Knowing Your Child’s Love Language Can Be The Difference Between A Good Relationship And A Great One

Fortune Well February 1, 2024


Knowing Your Child’s Love Language Can Be The Difference Between A Good Relationship And A Great One

The five love languages is a concept first coined by marriage counselor and author Gary Chapman. The idea is that we all give and receive love in different ways—physical touch, acts of service, quality time, words of affirmation and receiving gifts—but tend to identify with one in particular. 

Understanding how someone shows love or appreciation—and what they need to feel loved and appreciated—can help foster positive communication in romantic relationships, but also between partners, friends, coworkers and even between parents and children. 

Licensed marriage and family therapist Karen Ruskin uses love languages with her clients, and stresses to them the importance of focusing on what the other person needs, not just what comes natural for you.

“Our most comfortable way of giving is how we actually want to receive, because it’s what our needs are,” Ruskin says. “But that might not register with someone else.”

Helen Neale, a mom and counselor based in the U.K., says realizing children can and will communicate love differently from their parents can be a “game changer.” 

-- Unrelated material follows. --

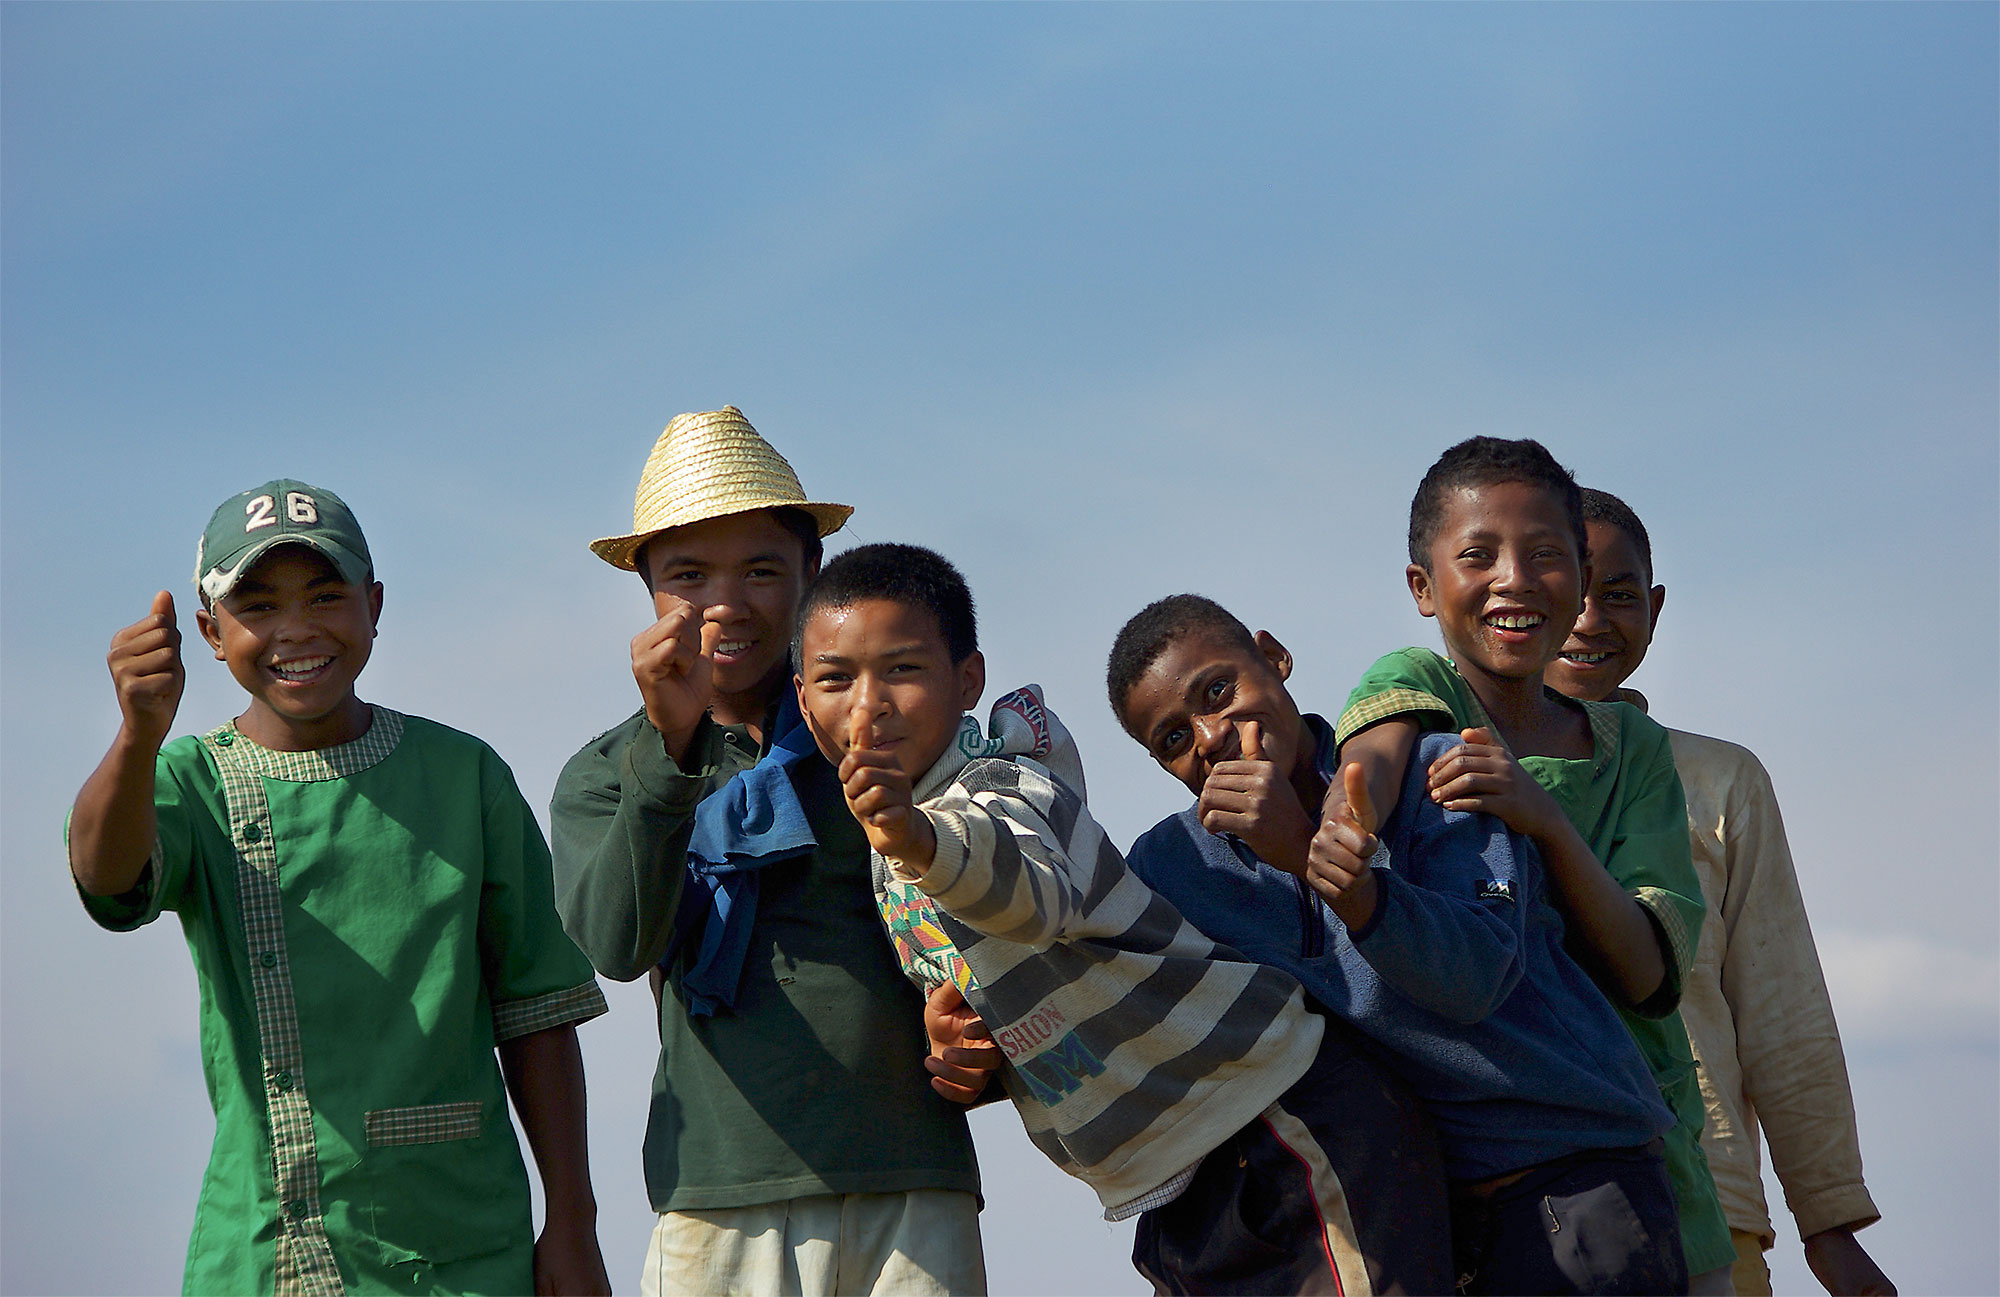 The joy of being photographed, Analaroa Madagascar...

“[Using love languages] isn’t about trying to squeeze the way someone shows love into specific boxes, it is about looking at them and really seeing them,” Neale tells Fortune.

Mastering your child’s love language can increase your understanding of them and their needs, and in turn, improve your relationship, experts say. Here’s how.

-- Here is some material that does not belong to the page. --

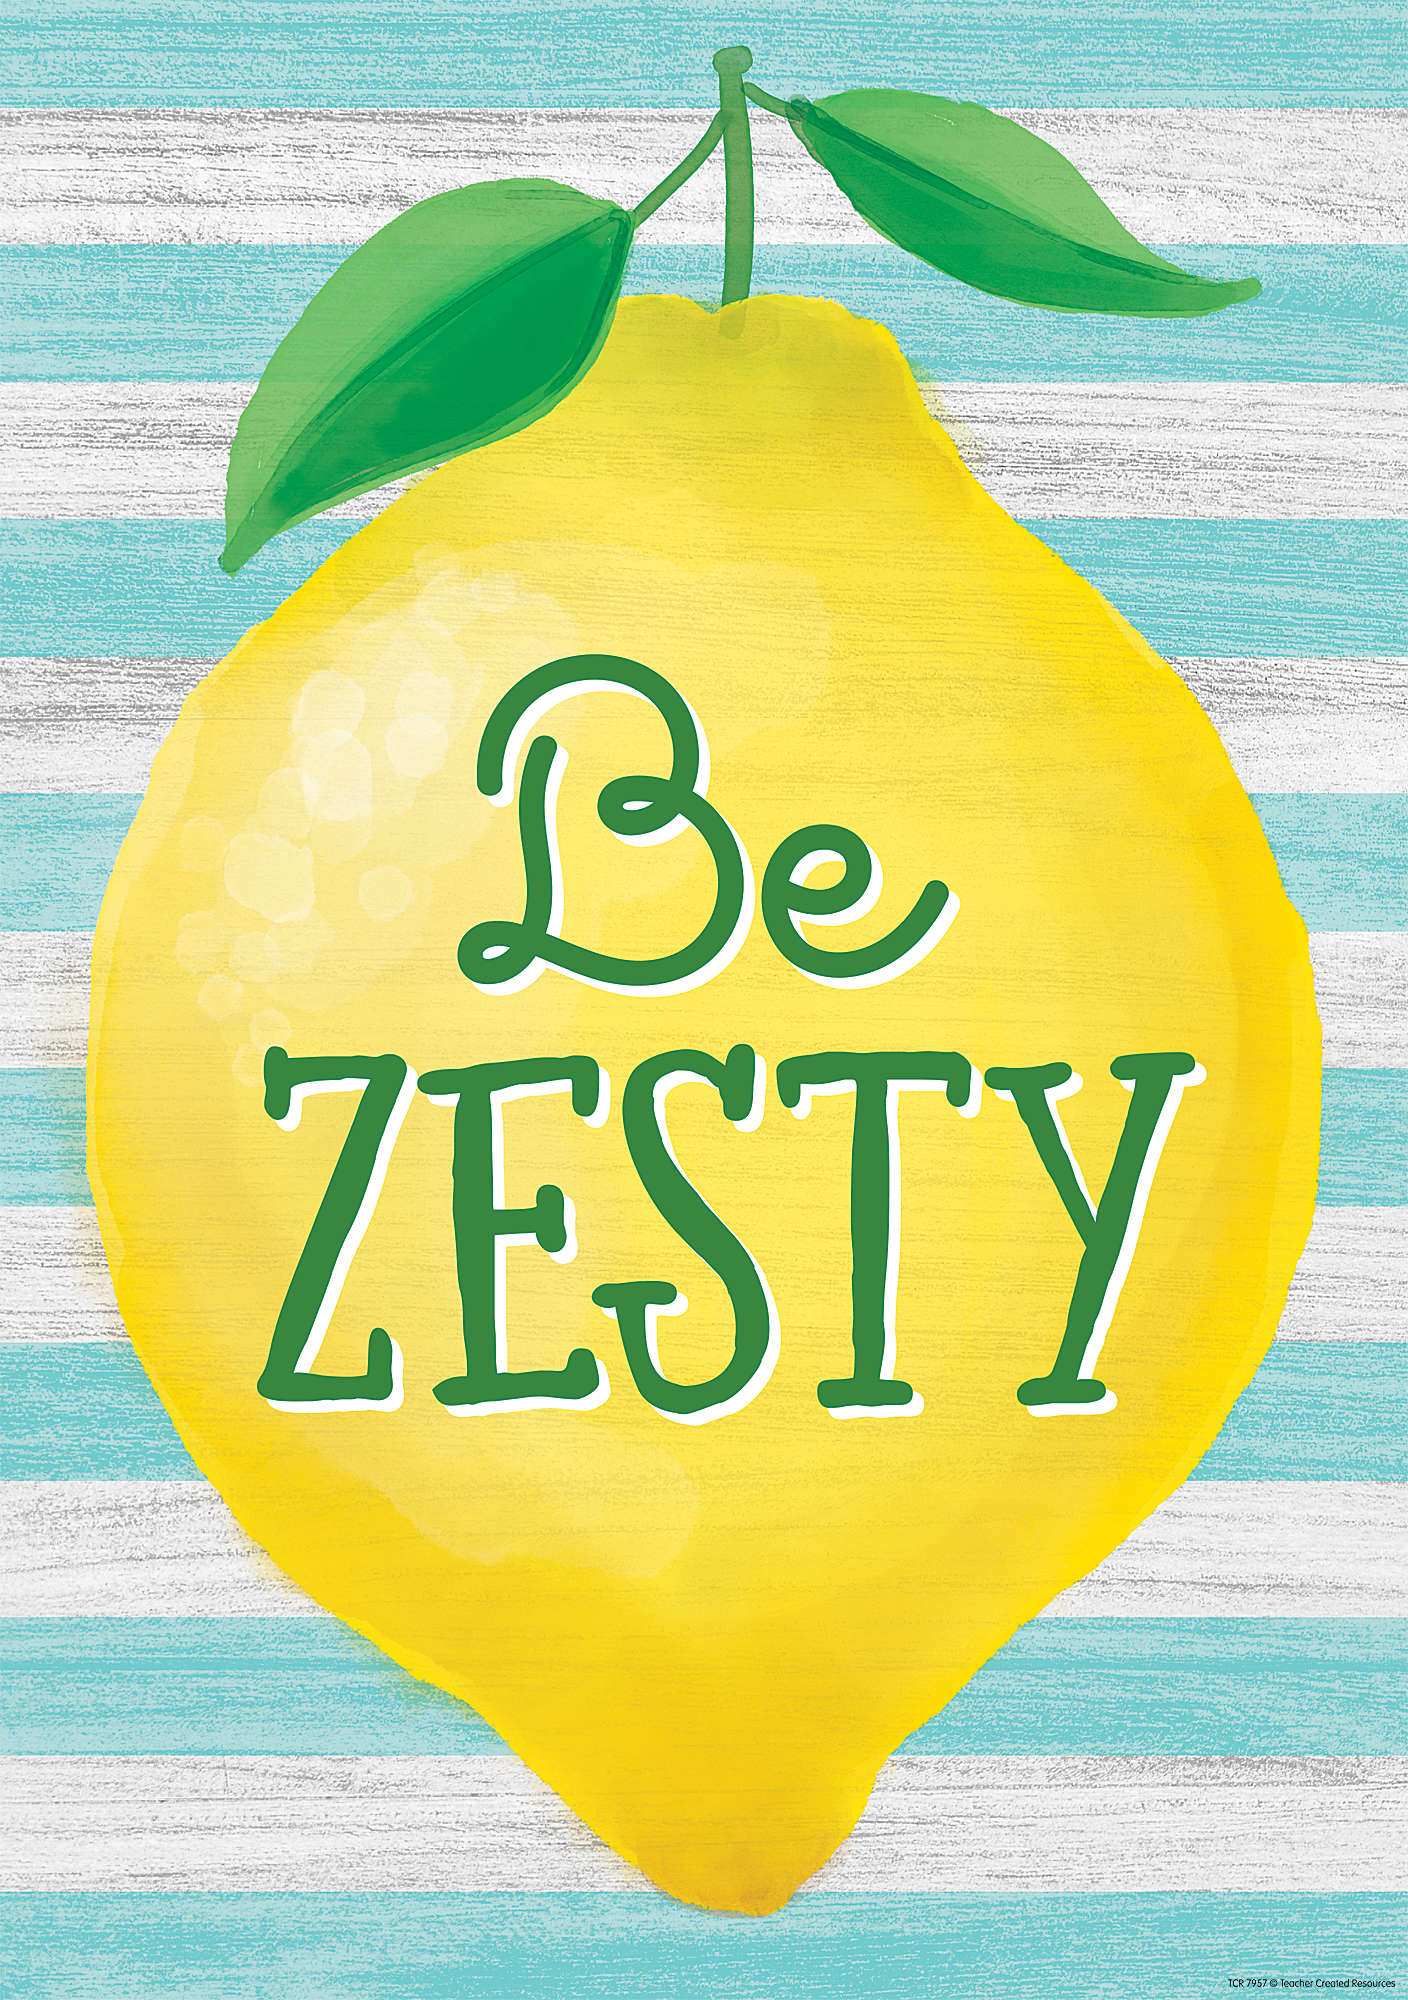 Be Zesty Positive Poster

Find what resonates with them

Ruskin suggests her clients ask themselves these questions: “Am I giving the way my child—regardless of their age—is going to feel loved? Or am I giving in a way I’m wishing I would receive, because it makes me feel good by proxy?”

If the answers aren’t clear, it may be time to start implementing shifts in how you communicate your feelings or care with your child. Ruskin recommends trying out different ways love languages could show up in your child’s life to see what resonates best with them and you, especially because love languages are malleable.

Exploring what a child’s love language is or isn’t can be a tedious process, but Ruskin says a good way to start is by putting it on a calendar. 

“Just like you would put appointments on the calendar, utilize it as a way to start making shifts that you can track,” Ruskin said. 

One day, for example, show your child gratitude by taking them to their favorite restaurant. A few days later, try watching a movie you both enjoy together. At the end of the week, ask them what they appreciated more. 

“It’s about positive reinforcement and progression, not perfection,” Ruskin says.

Kids may have more than one love language

Cassie Brooks, a mom and children’s author, doesn’t believe people have just one love language, so she uses all five with her eight-year-old son.

“It’s a combination of all of them that nurtures my child and builds him up,” Brooks says.

She shows him she’s proud of him, both by telling him and by giving him small gifts, which she says encourages him to continue to work hard. She spends quality time with playing games, or by taking him on special dates with just the two of them.

“To see the way he lights up fills me up so much,” Brooks says.

She fulfills the language of physical touch by hugging him before and after school, sitting close to him while they watch TV when he asks her to, and by kissing his forehead before bed. As for acts of service, she helps him study.

If her son expresses to her a way he wants her to show up, Brooks says she does her best to comply.

“They [love languages] are all important for the overall well-being for my son to know that he is safe, loved, and feels confident and supported in who he chooses to be,” she says. 

Adjust with your child

Like personalities change, so can a child’s or parent’s needs. Just because something worked yesterday, does not mean it will work tomorrow. “We are not stagnant. We have different needs at different times in our lives,” Ruskin says.

Parents should ask themselves, “What are my needs? What are my child’s needs now?”

“It can be hard to adjust and adapt, but do you want to continue to grow your relationship, or do you want it to not grow?” Ruskin says.

Love languages also might look different for neurodivergent parents and kids. Being in a room together and not speaking might seem like rejection for some, but that could be a neurodivergent child’s take on quality time, and they might really love it. Communication, when possible, can be the difference between mistaking a positive moment for discomfort.

Though they aren’t one-size-fits-all, understanding love languages could be impactful to growing relationships. Still, love languages, like relationships, are often trial-and-error. They evolve, sometimes as quickly as children grow, but knowing what works and what doesn’t can help fulfill your child’s needs and improve your relationship.